You should always keep your customers aware that they are interacting with technology, especially when the issue is complex, where they need an empathetic agent to address their problems.

Always provide them with an option to seamlessly switch to talking to an agent.

Prioritize Accuracy by Training the AI Models

AI is only as good as the data it is trained on. The higher the quality of data you use, the better the AI response will be in delivering experiences.

You can also use pre-trained AI models and compare them for accuracy or human-like accuracy.

Also, the results should be validated against different data points to see how well AI is performing.

Otherwise, train the models to reach the level of accuracy that your industry desires or that is possible with traditional methods.

Besides, AI systems need continuous updates and training to keep pace with evolving customer experience needs.

Test, Test, and Test

You should thoroughly test your AI in controlled or pilot environments before a full rollout.

For instance, taking an AI-powered chatbot with a small percentage of website traffic or after-hours customer queries would be a great starting point.

Seek customer feedback and focus on customer satisfaction metrics before rolling them out.

AI and Empathy

We are a few years away from getting AI to emote well. Blending empathy in customer experience is essential, especially in verticals like healthcare.

As a starting point, it makes sense to automate all the mundane and let human agents handle the empathetic interactions. For instance, in the healthcare industry, you can let AI handle appointment scheduling, rescheduling, cancellations, confirmations, and notifications. For the rest, you should route it through humans.

This would ensure that customers feel heard and supported.

Measure Productivity

When you use AI, productivity and customer satisfaction should be the front and center of what you measure.

  • How well is AI resolving customer issues on the first try?
  • Are customers happy with AI-assisted service in comparison to human-assisted service?
  • Has AI helped reduce the workload of agents, allowing them to focus on higher-value tasks?

This would ensure that AI is adding the right value where it matters.

Keep Iterating

AI is not something that you can implement and forget.

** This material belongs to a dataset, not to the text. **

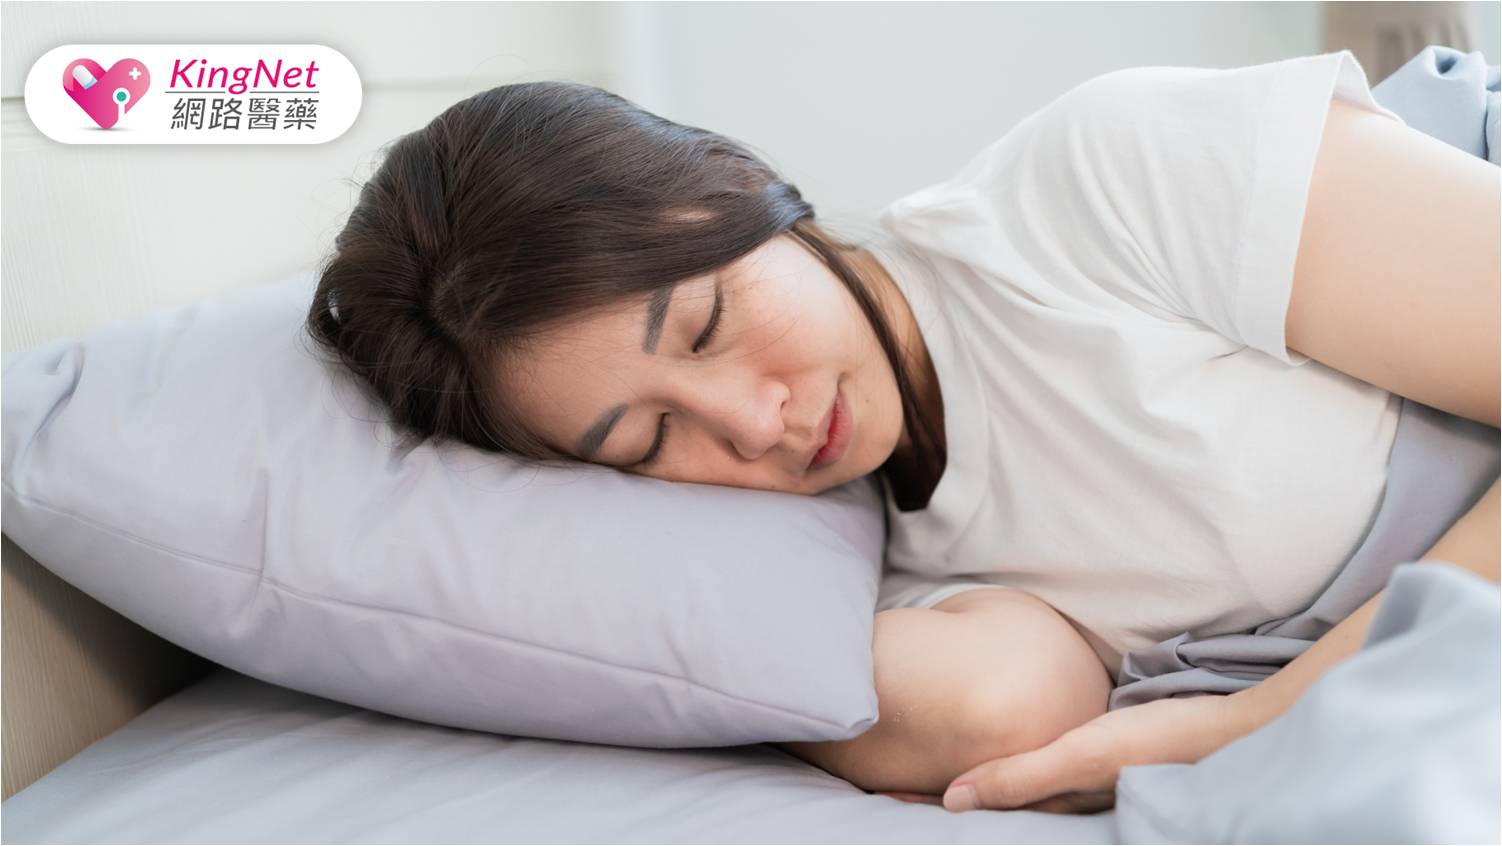 總是越睡越累？可能是「睡眠呼吸中止症」影響睡眠品質

You should prepare for a continuous cycle of improvement.

This includes monitoring AI performance, gathering customer feedback, and training the AI models to refine how it functions.

Over time, you would have a system that is close to human-assisted experiences. 


Marc Benioff’s optimism in where AI is headed shows where the future is headed, but as someone beginning the AI journey, you should take baby steps with defined use cases, measure the effectiveness, and improvise.

AI’s true value lies not in replacing human beings but in optimizing how resources are used and providing the best possible customer experiences.